**What to do:** Transcribe all of the data exactly. Omit the pictures.

**Collected data:**
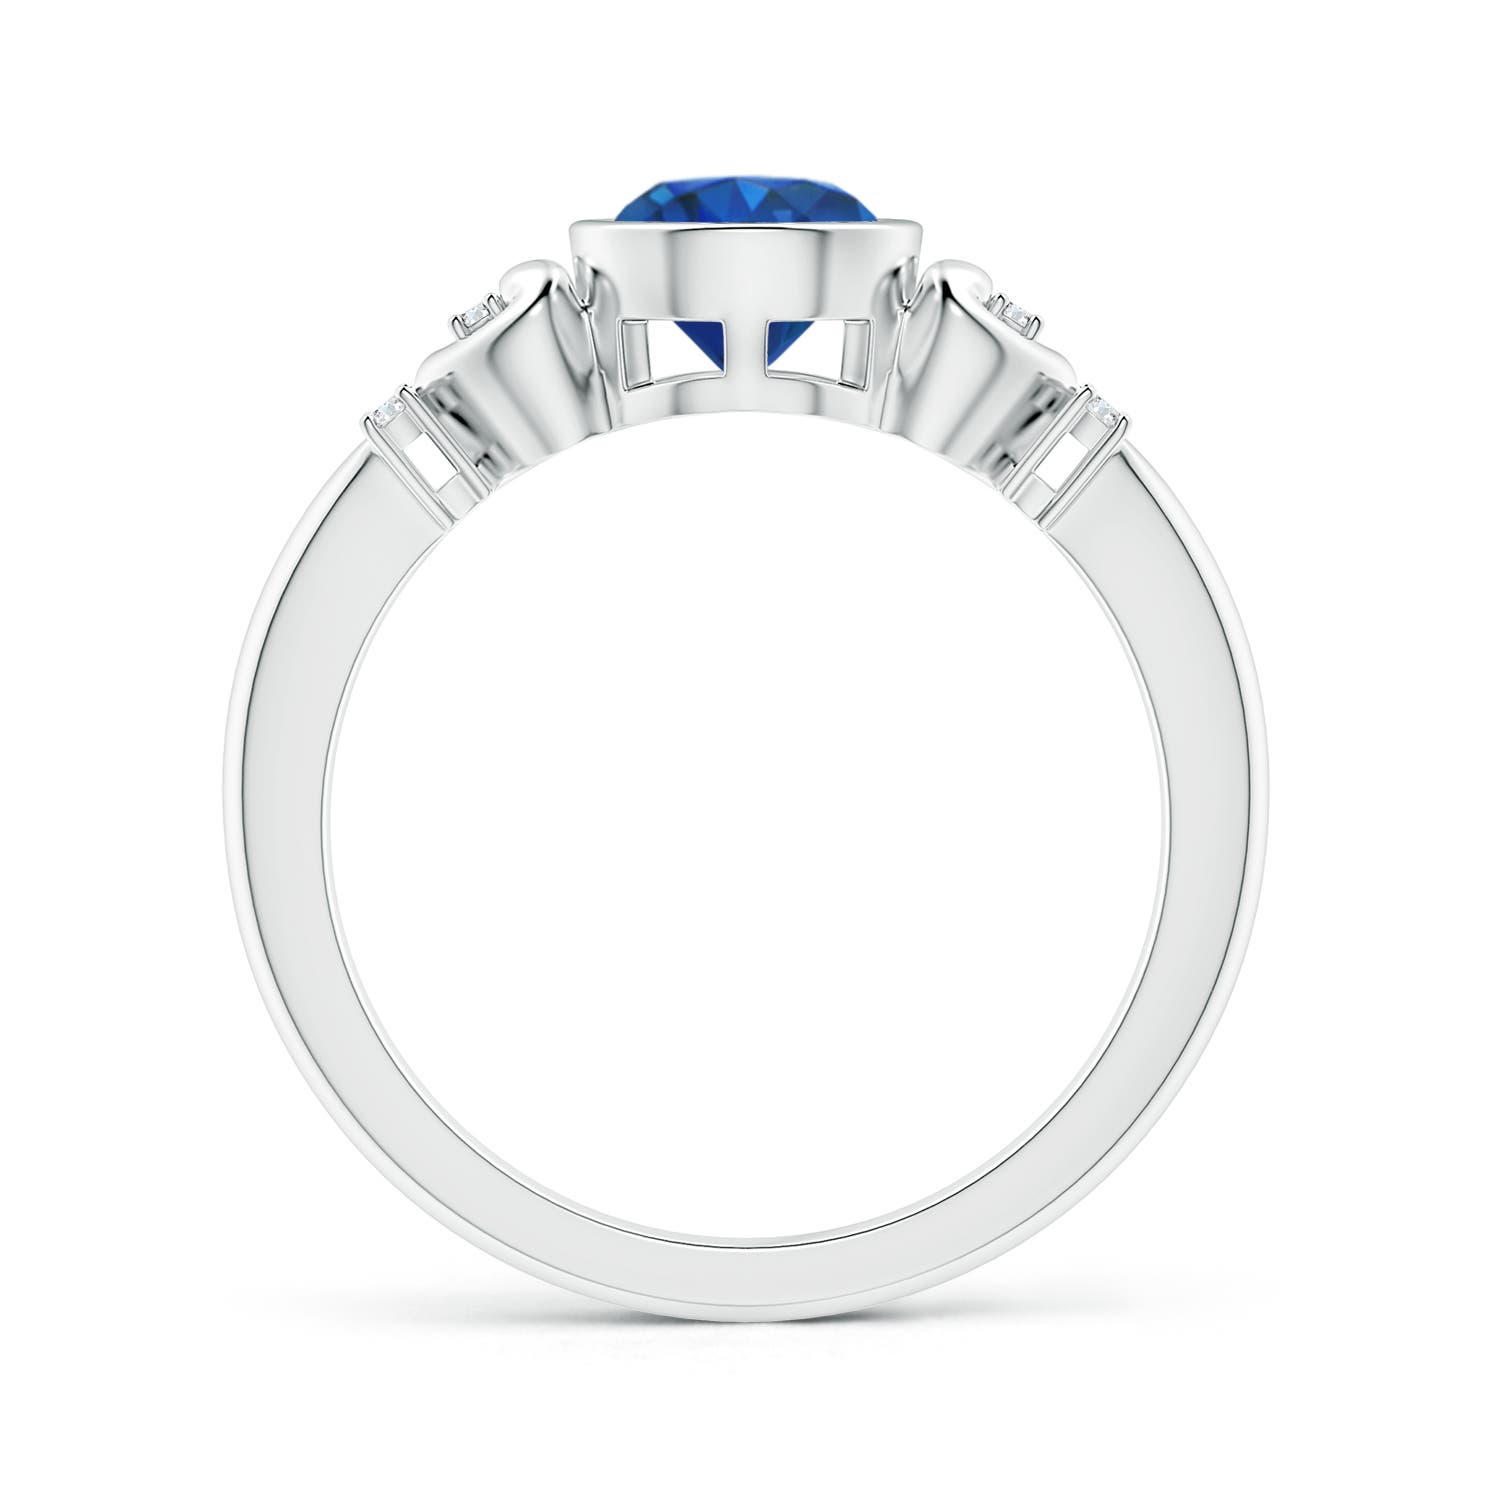 AAA - Blue Sapphire / 1.05 CT / 14 KT White Gold
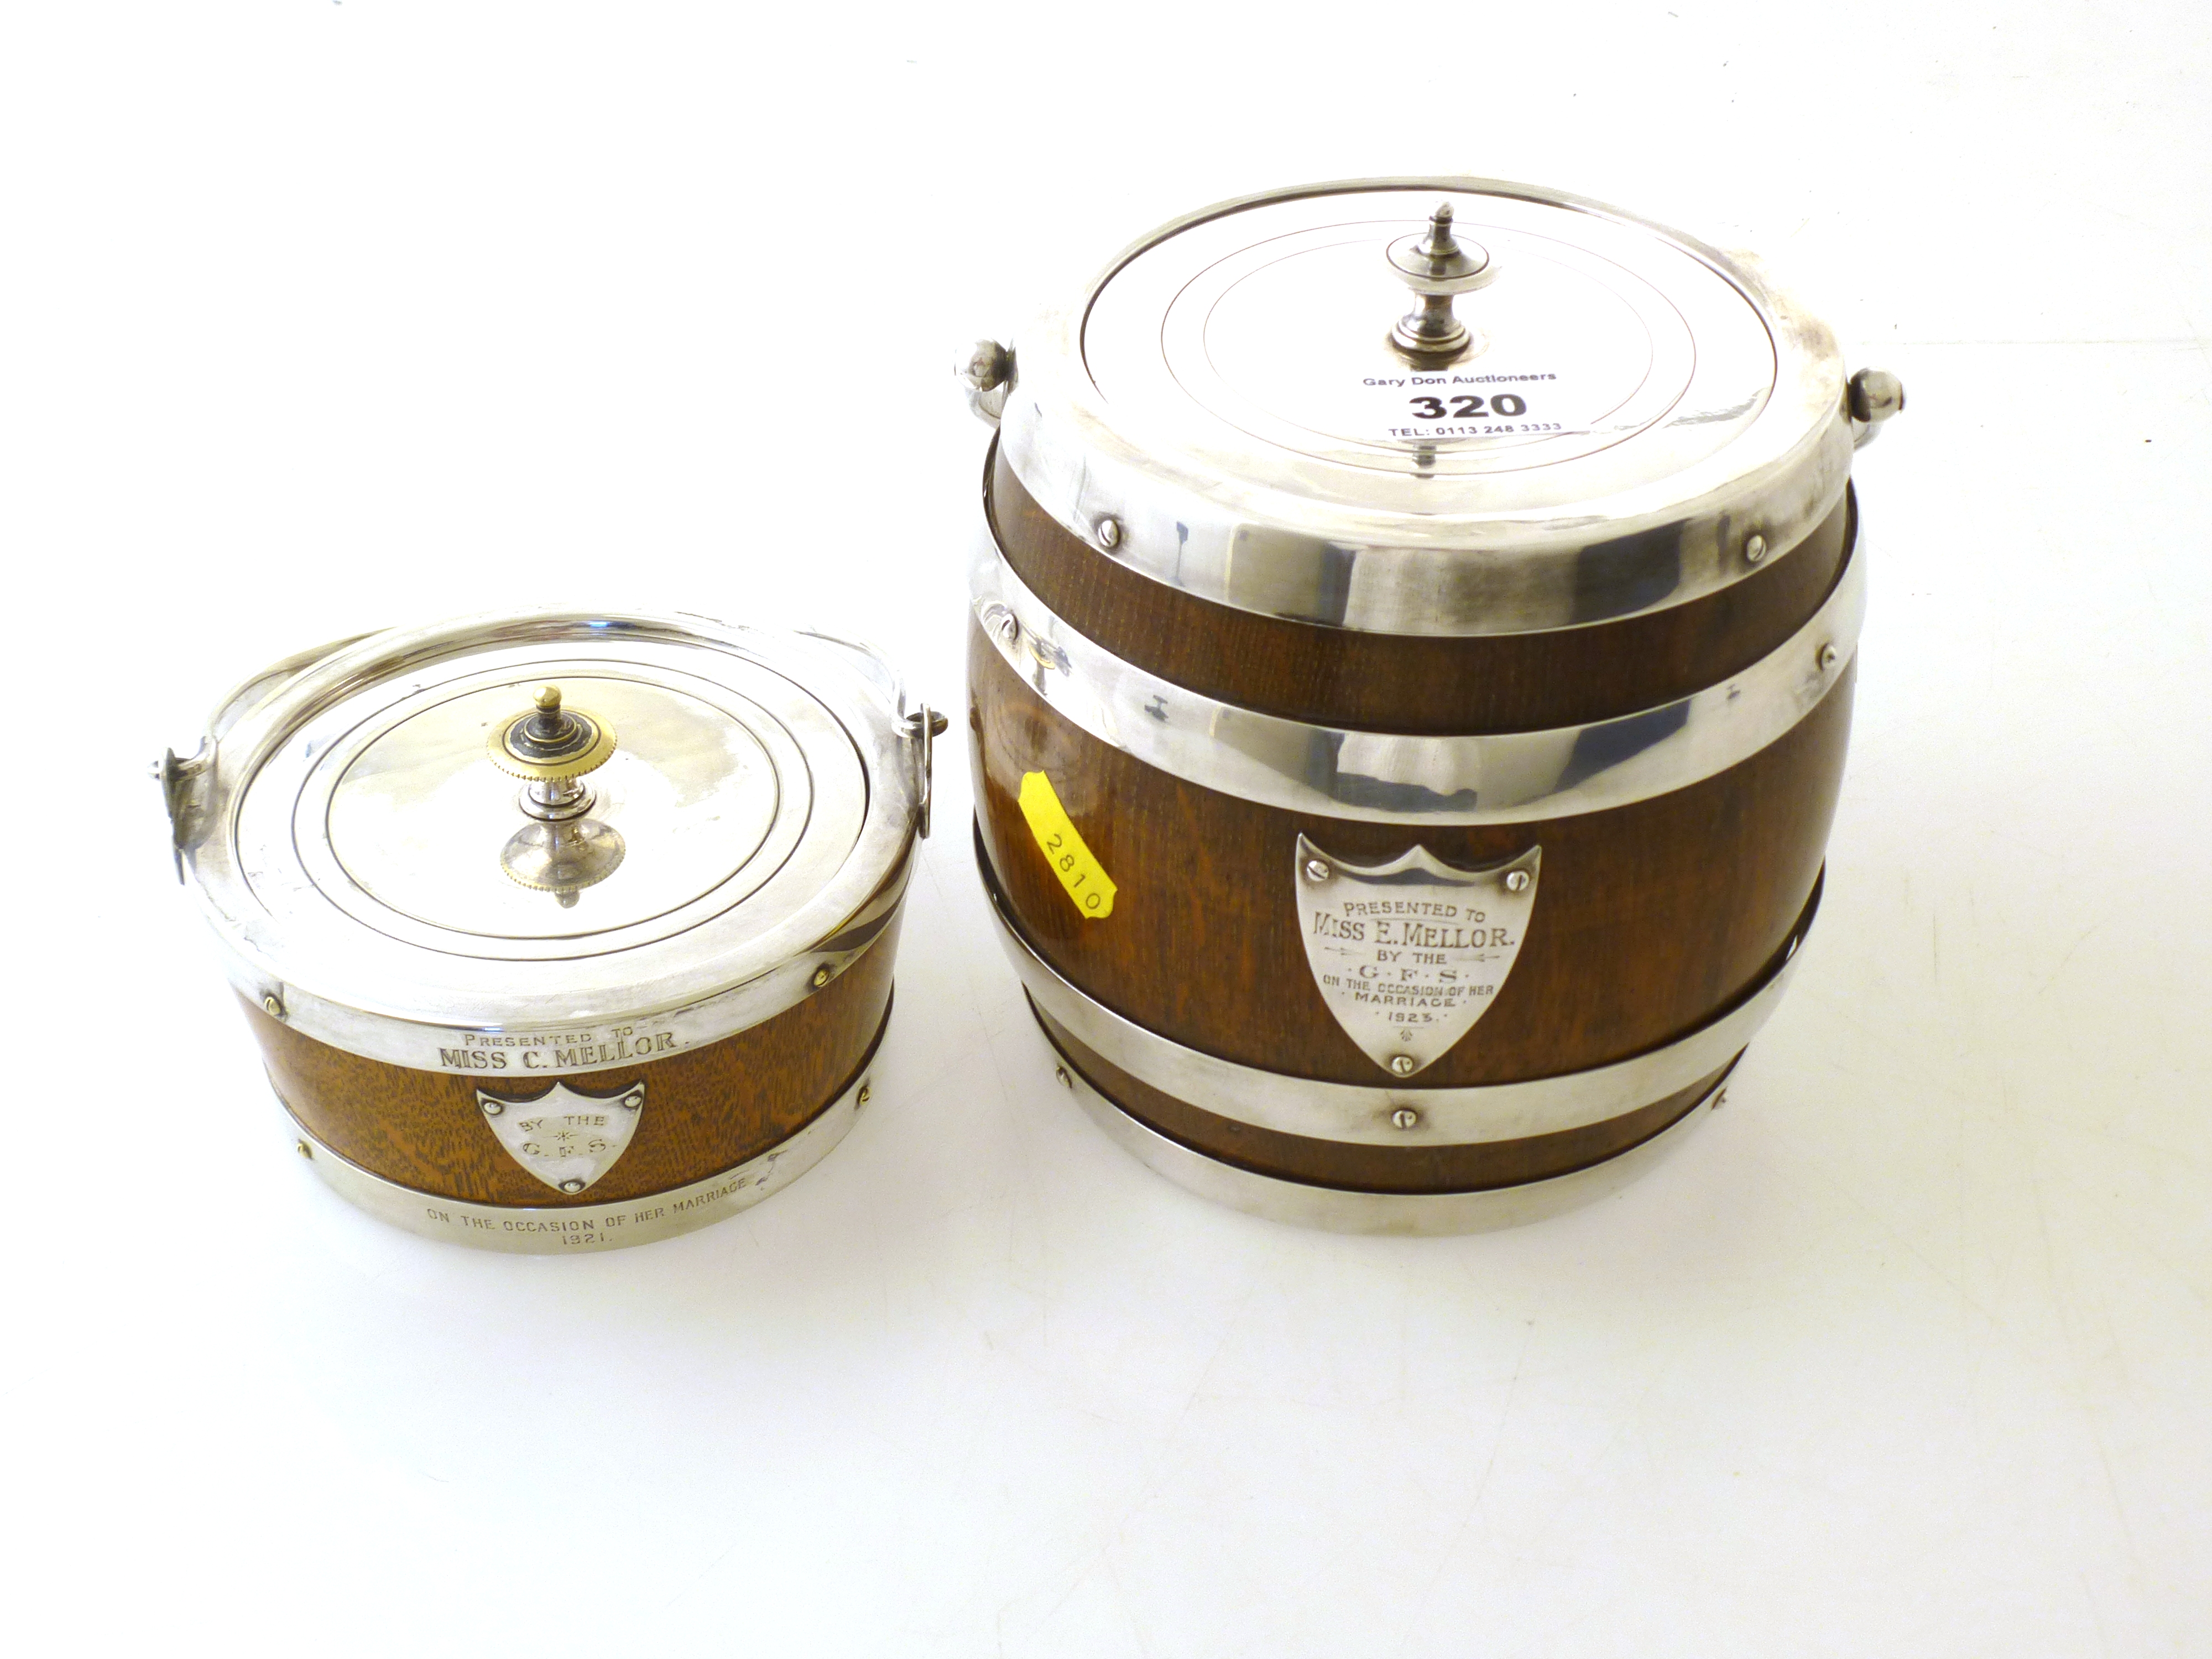 2 BISCUIT BARRELS PRESENTED TO E. MELLOR AND C. MELLOR
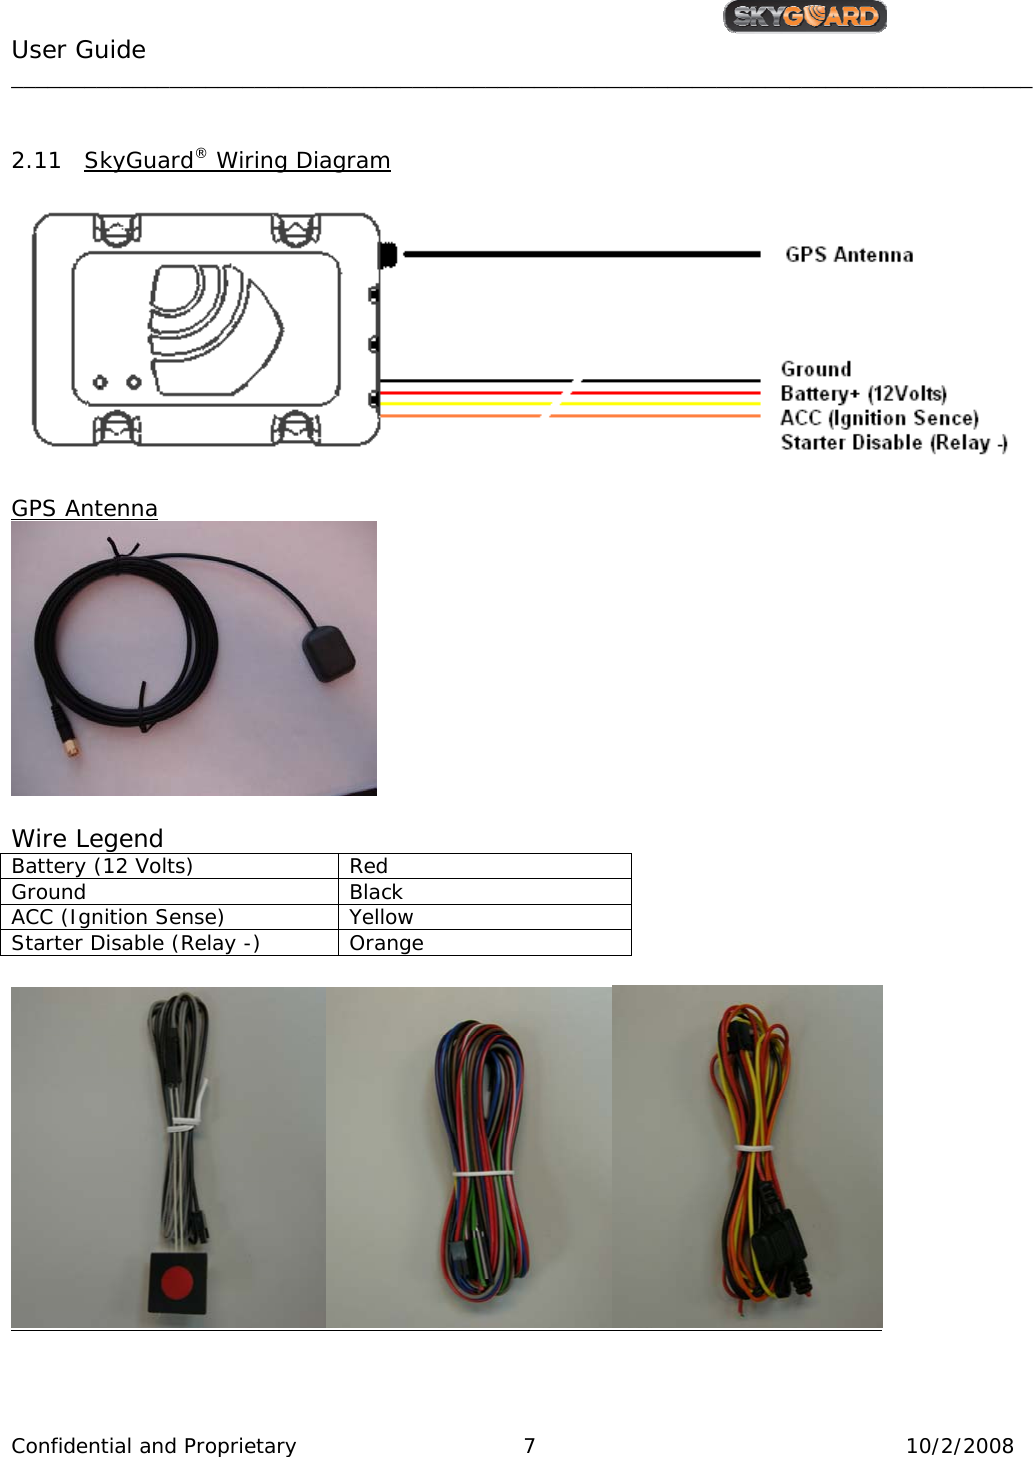                                                   User Guide                                         ____________________________________________________________________________________ Confidential and Proprietary     7  10/2/2008   2.11 SkyGuard® Wiring Diagram   GPS Antenna   Wire Legend Battery (12 Volts)  Red  Ground Black ACC (Ignition Sense)  Yellow Starter Disable (Relay -)  Orange

**Response area:**
 AAA - Blue Sapphire / 1.05 CT / 14 KT White Gold
 2 BISCUIT BARRELS PRESENTED TO E. MELLOR AND C. MELLOR
                                                   User Guide                                         ____________________________________________________________________________________ Confidential and Proprietary     7  10/2/2008   2.11 SkyGuard® Wiring Diagram   GPS Antenna   Wire Legend Battery (12 Volts)  Red  Ground Black ACC (Ignition Sense)  Yellow Starter Disable (Relay -)  Orange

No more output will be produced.